What is expected
Write out the whole listing below exactly, skipping each picture.

Data provided
┏━━
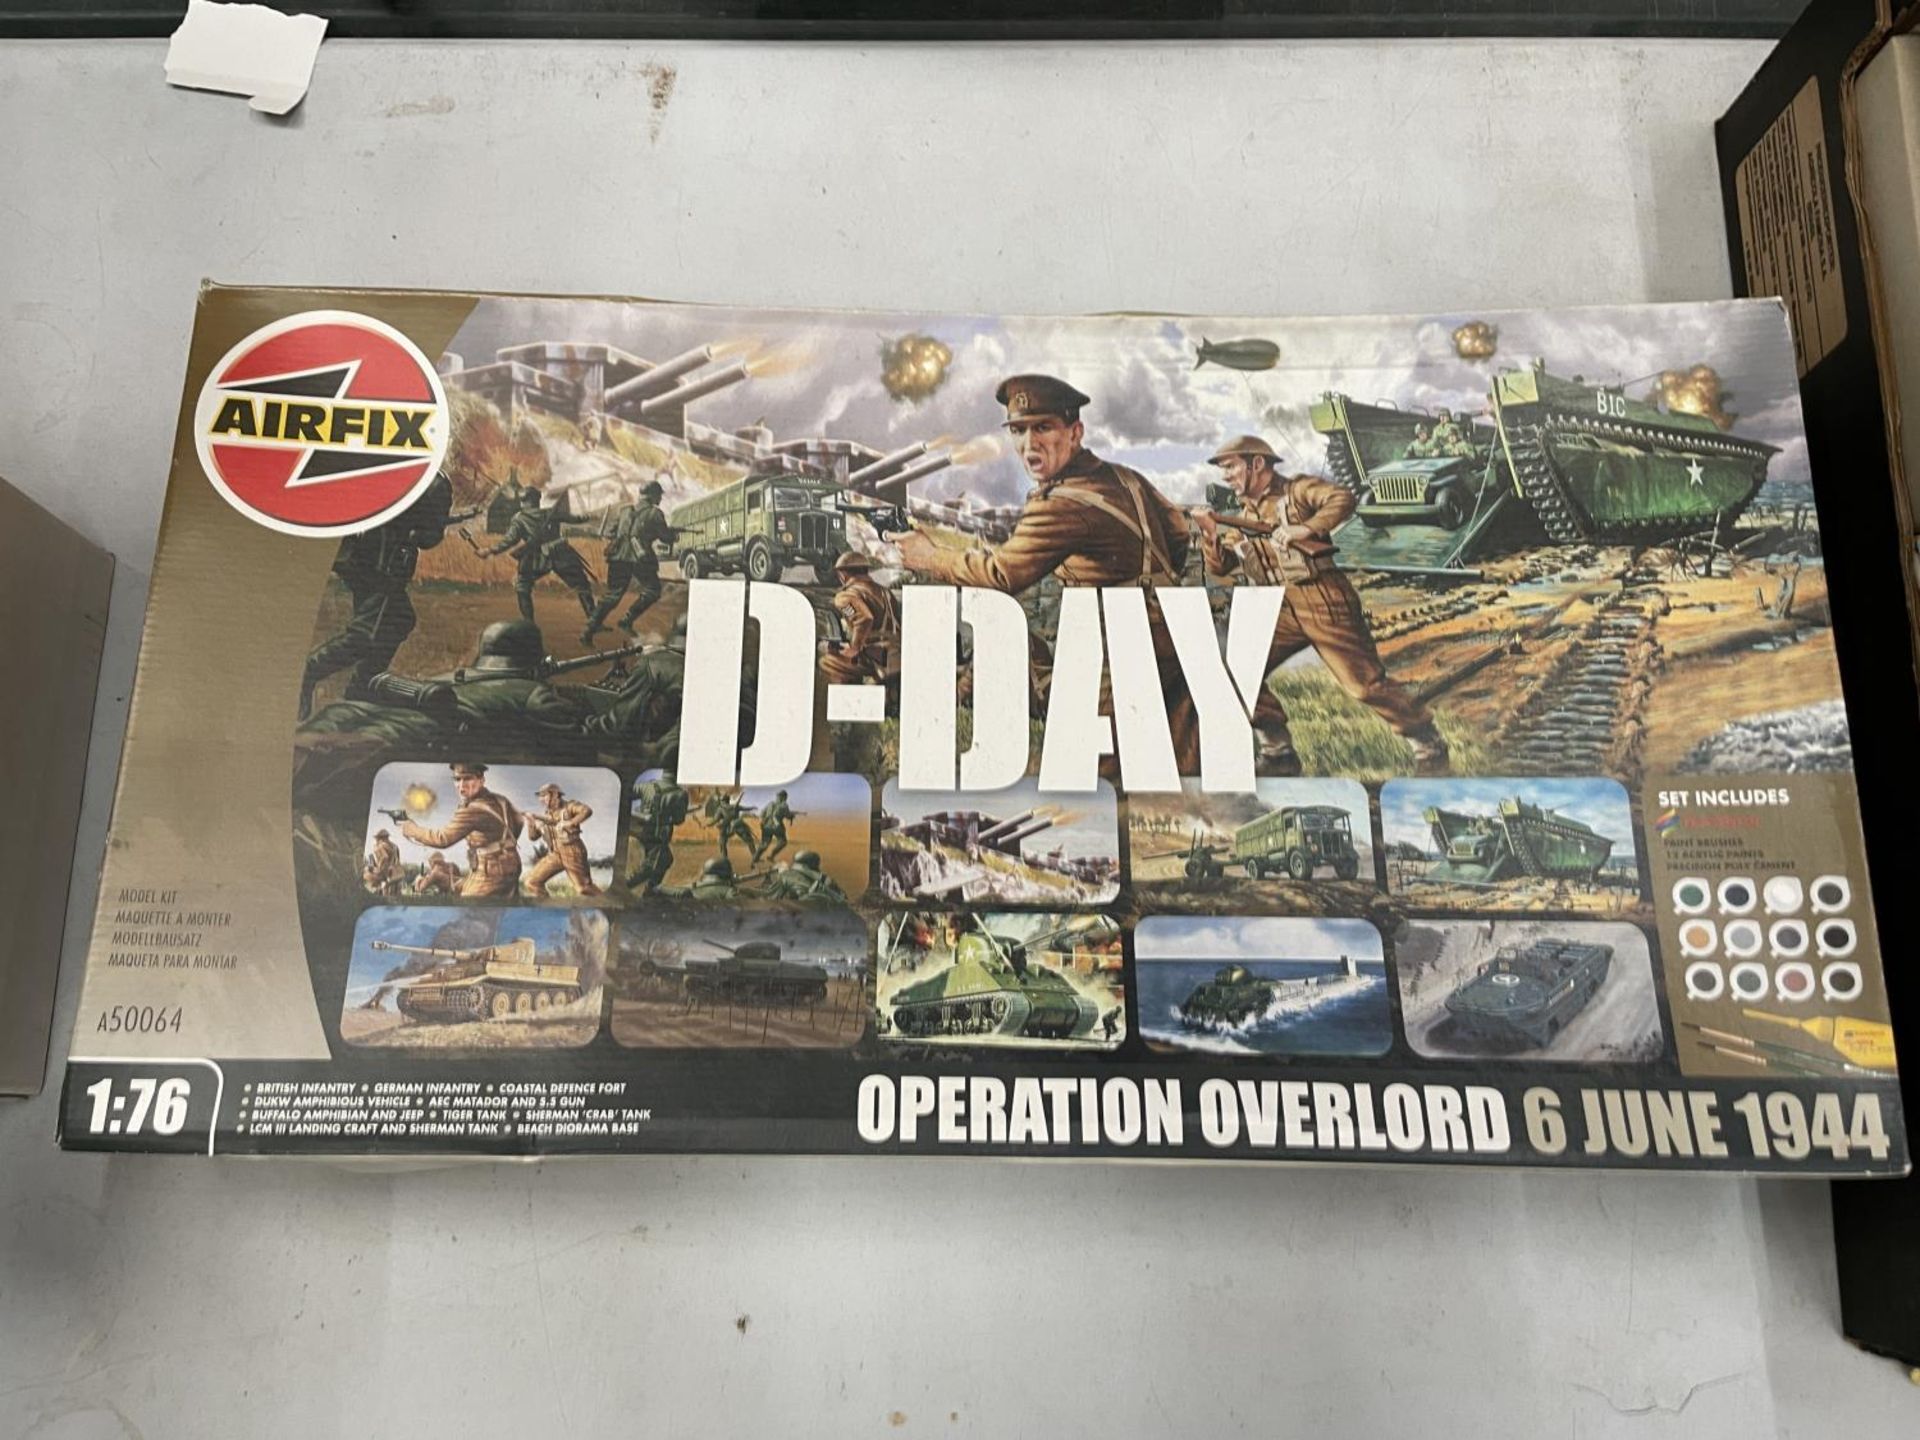 A BOXED AIRFIX D-DAY OPERATION OVERLORD 6 JUNE 1944 MODEL KIT 1:76 SCALE
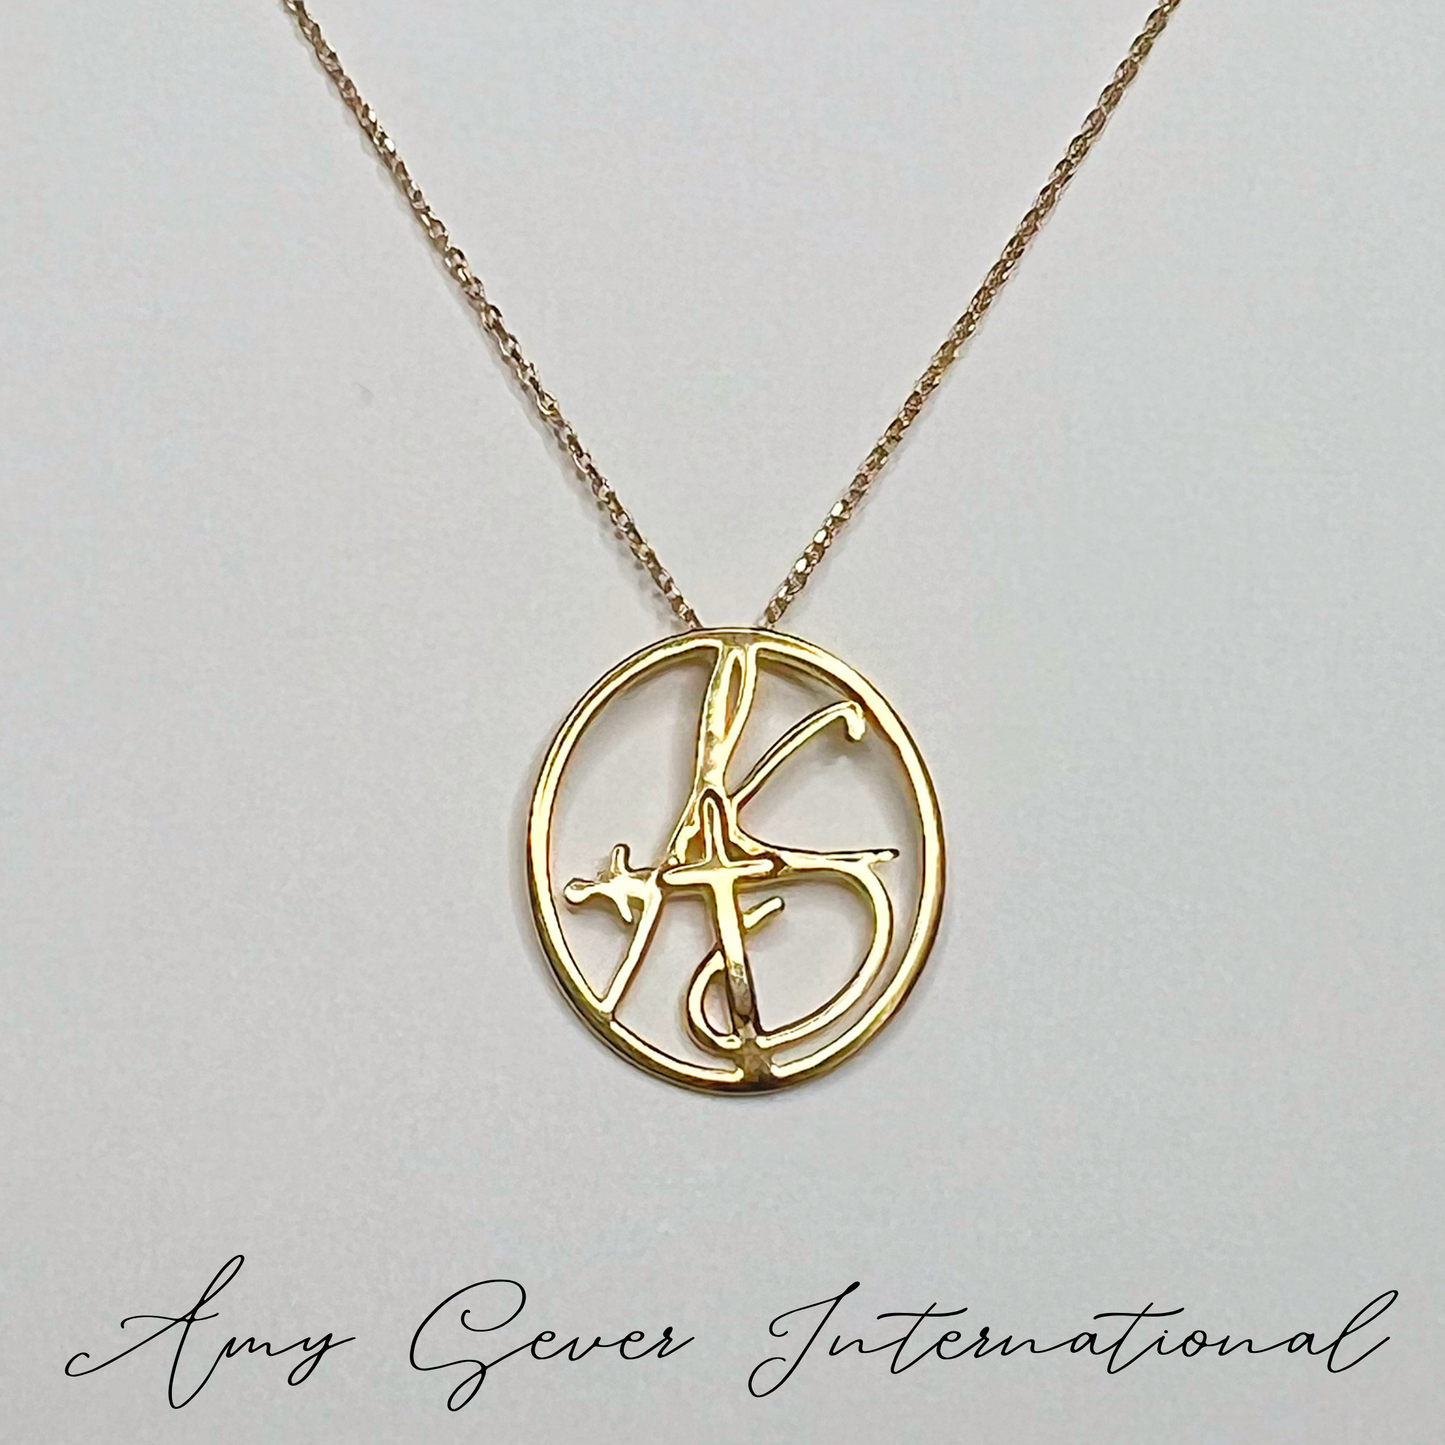 10K Yellow Gold Amulet with 18” Chain
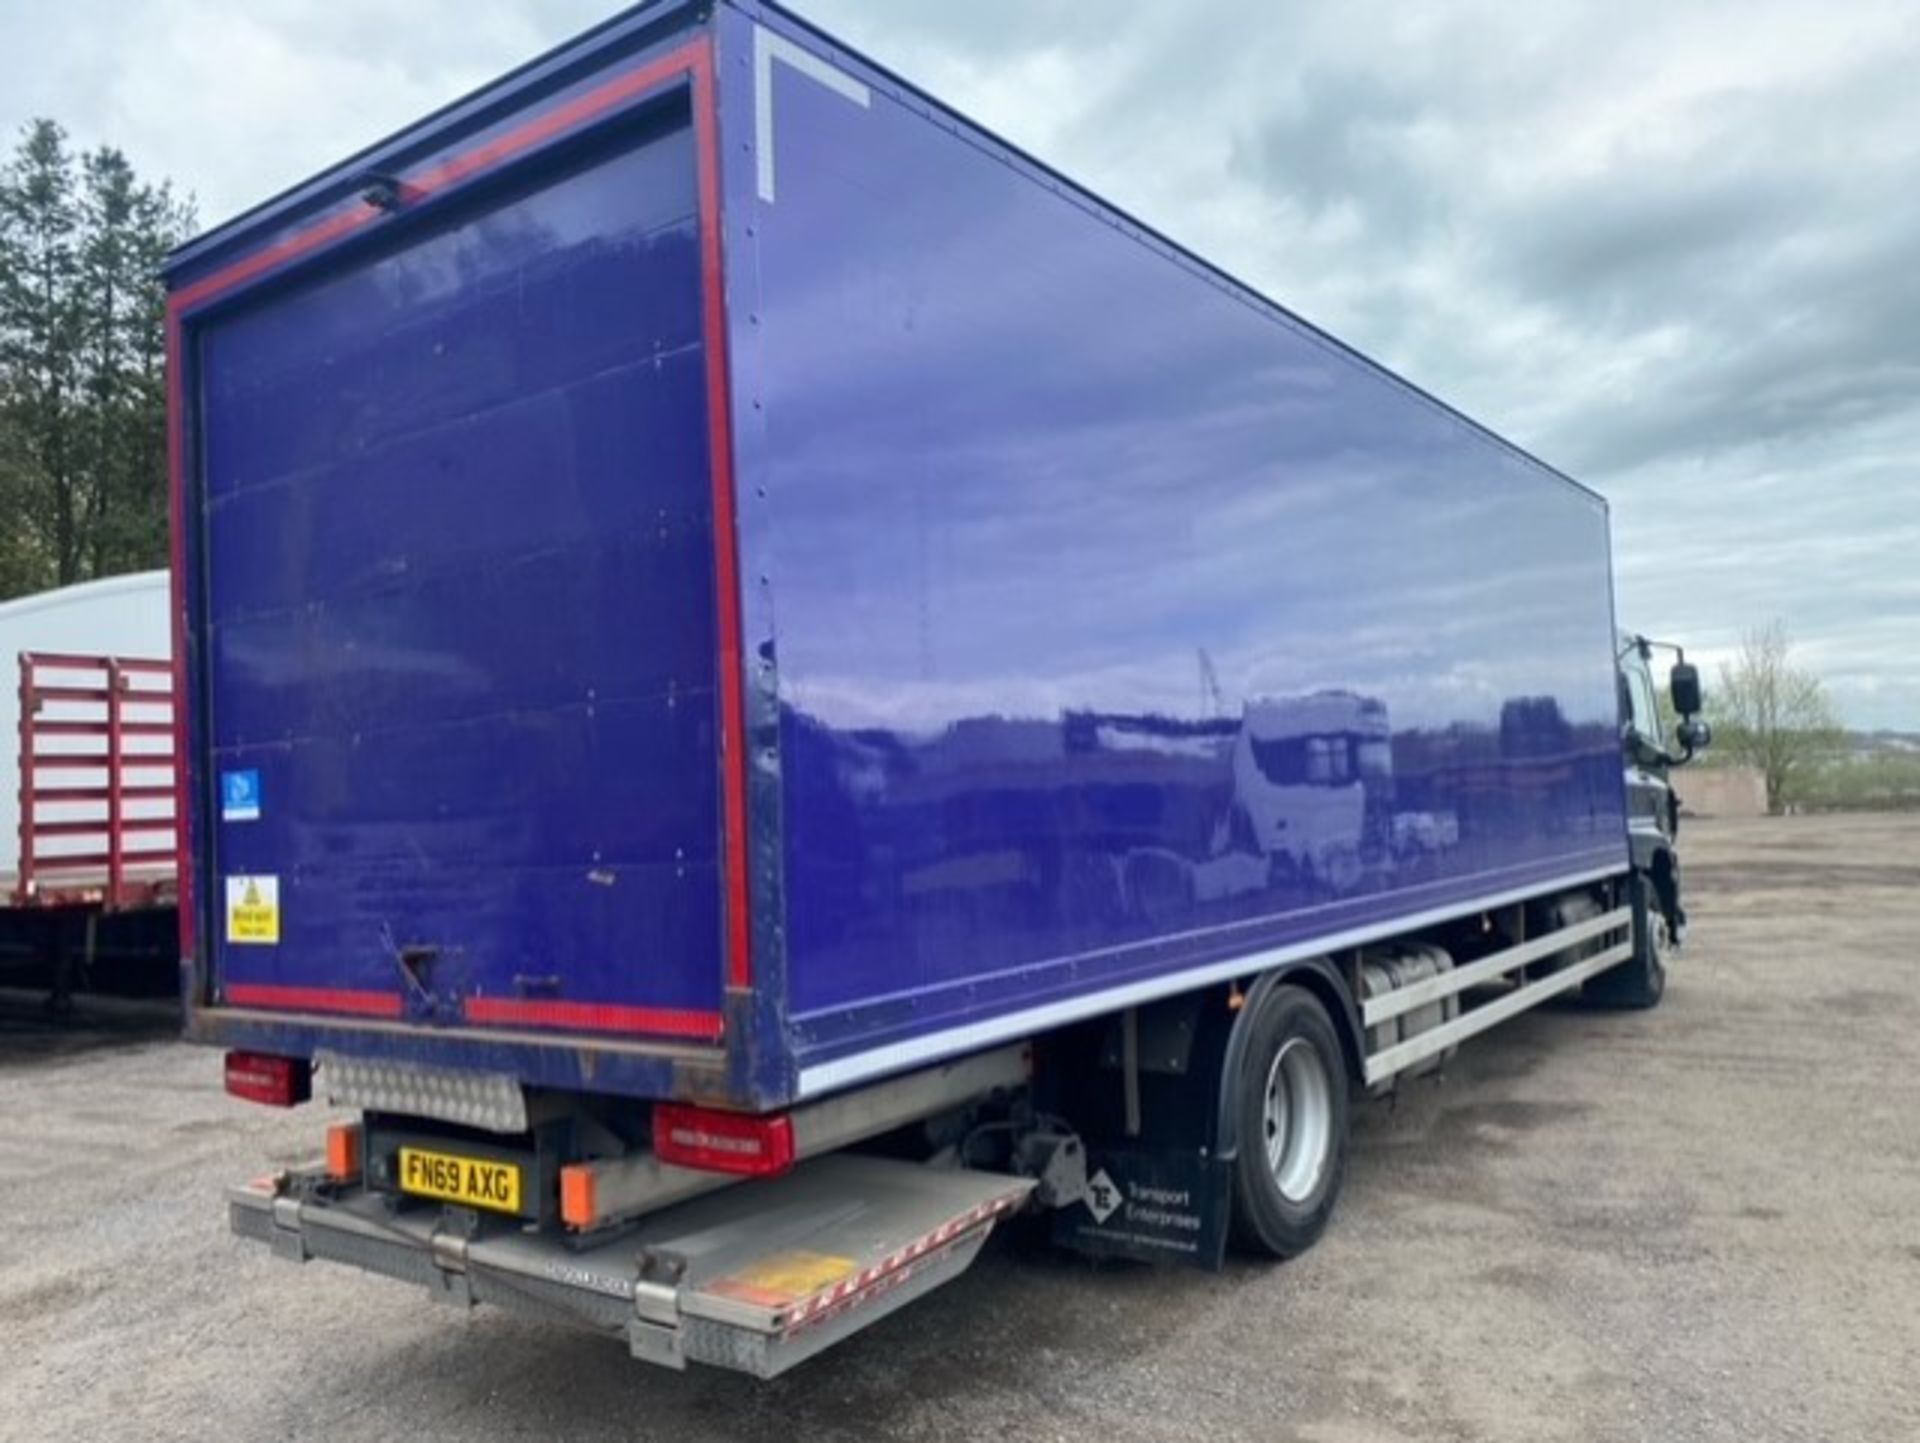 2019, DAF CF 260 FA (Ex-Fleet Owned & Maintained) - FN69 AXG (18 Ton Rigid Truck with Tail Lift) - Image 10 of 16
┗━━
Exercise result
 A BOXED AIRFIX D-DAY OPERATION OVERLORD 6 JUNE 1944 MODEL KIT 1:76 SCALE
 10K Yellow Gold Amulet with 18” Chain
 2019, DAF CF 260 FA (Ex-Fleet Owned & Maintained) - FN69 AXG (18 Ton Rigid Truck with Tail Lift) - Image 10 of 16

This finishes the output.